Following five months of mediation under the direction of Bankruptcy Judge James Peck, in May 2013, ResCap, the Creditors’ Committee, AFI, and certain other key creditor constituencies reached an agreement on the terms of a settlement that resolved a wide range of disputes and set the stage for a largely consensual plan confirmation process. The cornerstone of the settlement was AFI’s agreement to nearly triple its original proposed plan contribution from $750 million to $2.1 billion – substantially increasing expected recoveries by all ResCap creditors.

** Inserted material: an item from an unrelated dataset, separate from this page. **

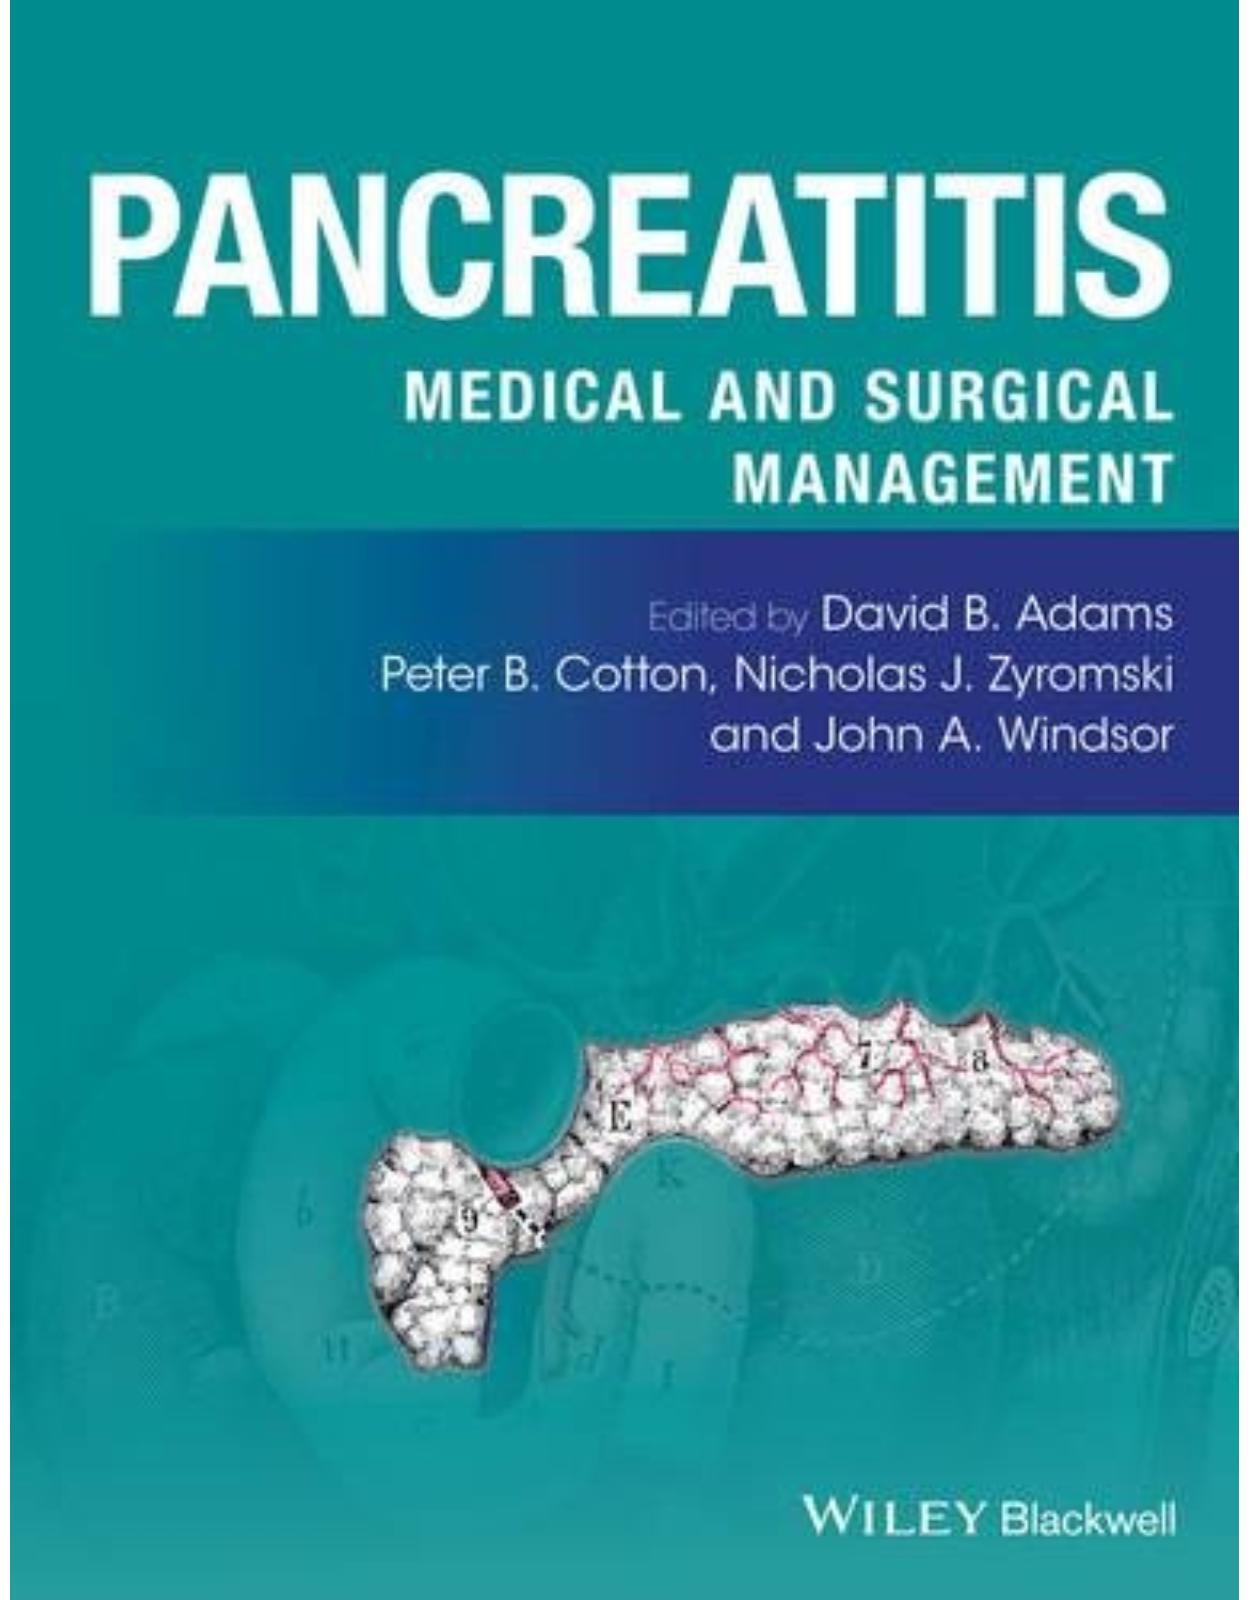  Pancreatitis: Medical and Surgical Management

Eckstein noted that “Judge Peck played a remarkable role in mediating a global settlement in this complex and hotly contested case and all parties are grateful for his tireless efforts in seeing this case to a successful conclusion.”

In addition to Eckstein, other significant members of the Kramer Levin teams include Corporate Restructuring partners Philip Bentley and P. Bradley O’Neill; and Litigation partners Gregory A. Horowitz, Philip S. Kaufman, Norman C. Simon, and Jeffrey S. Trachtman.

The Creditors’ Committee members are AIG Asset Management (U.S.), LLC, Allstate Life Insurance Company, The Bank of New York Mellon Trust Company, N.A., Financial Guaranty Insurance Company, MBIA Insurance Corporation, Rowena L. Drennen, U.S. Bank National Association, and Wilmington Trust, N.A. John Dubel of Financial Guaranty Insurance Company and Wilmington Trust N.A. served as Co-Chairs of the Creditors’ Committee. The Debtors consist of Residential Capital, LLC and 50 of its subsidiaries, including primary operating subsidiaries Residential Funding Company, LLC and GMAC Mortgage LLC.

“While there were numerous parties litigating for recoveries from ResCap and AFI, we saw an opportunity to avoid continued litigation, to maximize creditor recoveries, and to achieve closure through a mediated resolution of this hotly contested bankruptcy,” said Eckstein. “We are gratified that the global settlement and plan provide an excellent resolution for all parties involved and provide a model for consensually resolving future complex cases.”

Eckstein, who was recently named a fellow of the American College of Bankruptcy, serves as co-chair of Kramer Levin Naftalis & Frankel’s 45-attorney Corporate Restructuring and Bankruptcy Department. He has played a prominent role in many of the largest and most complex Chapter 11 cases and out of court workouts, including the bankruptcies of General Motors, Chrysler, Dewey LeBoeuf, Washington Mutual, General Maritime, Saint Vincent’s Catholic Medical Centers, Bally Total Fitness, Adelphia, Owens Corning, and Dow Corning.

Kramer Levin’s Corporate Restructuring and Bankruptcy Department was named one of Law360’s “Top Practice Groups of 2012,” one of only five bankruptcy practice firms selected for this honor. The firm also plays a leading role in the Detroit bankruptcy case, the Patriot Coal bankruptcy case and in several significant shipping company and hospital restructurings both in and out of bankruptcy.